Pada musim panas lalu, peneliti menemukan bahwa kurang tidur tidak hanya menempatkan Anda dalam mood yang buruk, itu membuat lebih sulit bagi Anda untuk memberitahu ketika orang lain berada dalam suasana hati yang buruk, terlalu (atau suasana hati yang baik, dalam hal ini). Ini, karena Anda bisa bayangkan,
bisa membuat hari berikutnya ladang ranjau interaksi sosial canggung.Sebuah studi dari University of California, Berkeley menemukan bahwa kurang tidur dapat menghambat kemampuan seseorang untuk secara akurat membaca emosi orang lain dengan menumpulkan kemampuan seseorang untuk membaca ekspresi wajah .
Tapi, di sisi terang, ini juga berarti bahwa mendapatkan istirahat malam yang baik bisa menjadi rahasia kecerdasan emosional. Dalam studi yang sama, peneliti menemukan bahwa tidur REM - jenis tidur yang terkait dengan mimpi - berkorelasi dengan kemampuan seseorang untuk secara akurat membaca ekspresi wajah.

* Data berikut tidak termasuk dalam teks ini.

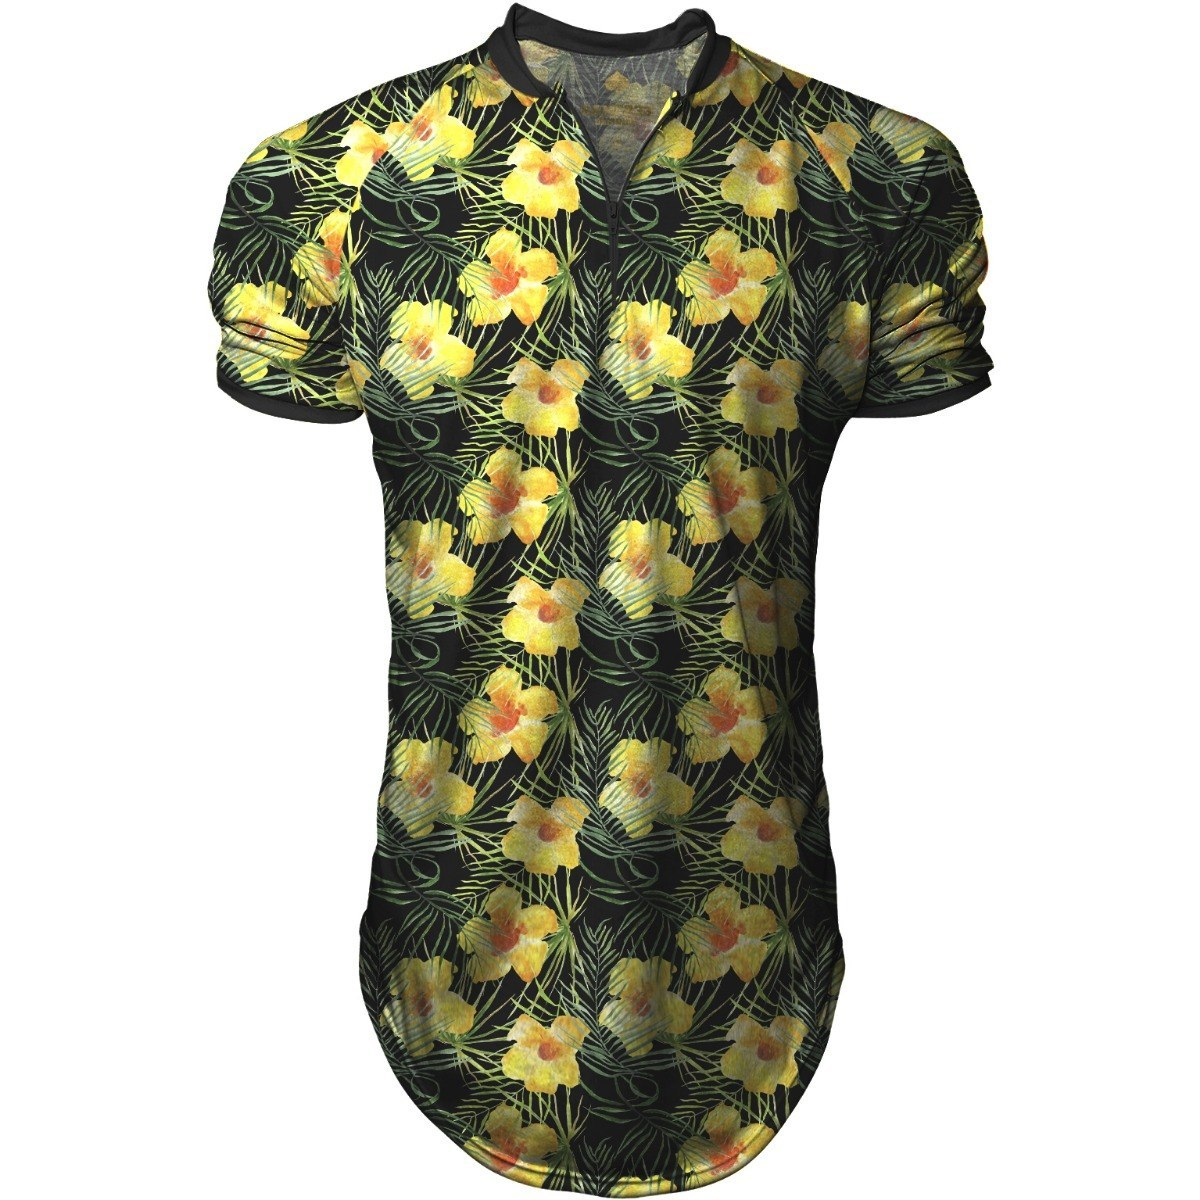 camisa longline masculina gola polo esporte margaridas. Carregando zoom. dacdffe2a7ab6

“ Mimpi tidur muncul untuk me-reset utara magnet kompas emosional kita ,” Matthew Walker, penulis senior studi tersebut, mengatakan dalam sebuah pernyataan. “Satu pertanyaan adalah apakah kita sekarang dapat meningkatkan kualitas tidur mimpi, dan dengan berbuat demikian, meningkatkan kecerdasan emosional.”
Salah satu fakta yang menakutkan.Satu penelitian tidur yang diamati 100 sleepwalkers menemukan bahwa 79 persen dari peserta tidak bisa merasakan sakit ketika mereka terluka diri selama episode sleepwalking. (Inilah sebabnya mengapa Anda benar-benar harus bangun berjalan dalam tidur , meskipun mitos.
Hampir setengah dari berjalan dalam tidur dalam penelitian mengalami sakit kronis atau sakit kepala - 22 persen dari mereka menderita migrain. Terlebih lagi, studi ini menemukan bahwa berjalan dalam tidur, bila dibandingkan dengan populasi umum, lebih mungkin menjadi lelah sepanjang hari atau pengalaman susah tidur di malam hari.
Sebuah penelitian tidur Swedia menemukan bahwa hanya dibutuhkan satu malam kurang tidur untuk mengubah gen yang mengontrol jam biologis tubuh Anda, Sebuah analisis dari sampel yang dikumpulkan dari 15 pria yang berpartisipasi dalam studi dua malam mengungkapkan bahwa satu malam tanpa tidur mengubah regulasi dan aktivitas gen tersebut. Para peneliti juga menemukan bahwa kurang tidur mengubah ekspresi gen, atau proses dimana informasi yang dikodekan dalam gen digunakan.
- Meskipun ini bukan pertama kalinya sebuah studi menemukan bahwa kurang tidur mengubah gen, Dr. Jonathan Cedernaes, penulis utama studi tersebut, terkejut menemukan bahwa gen bisa diubah begitu cepat.
- Itu hanyalah alasan yang menakutkan kita harus membuat waktu tidur prioritas.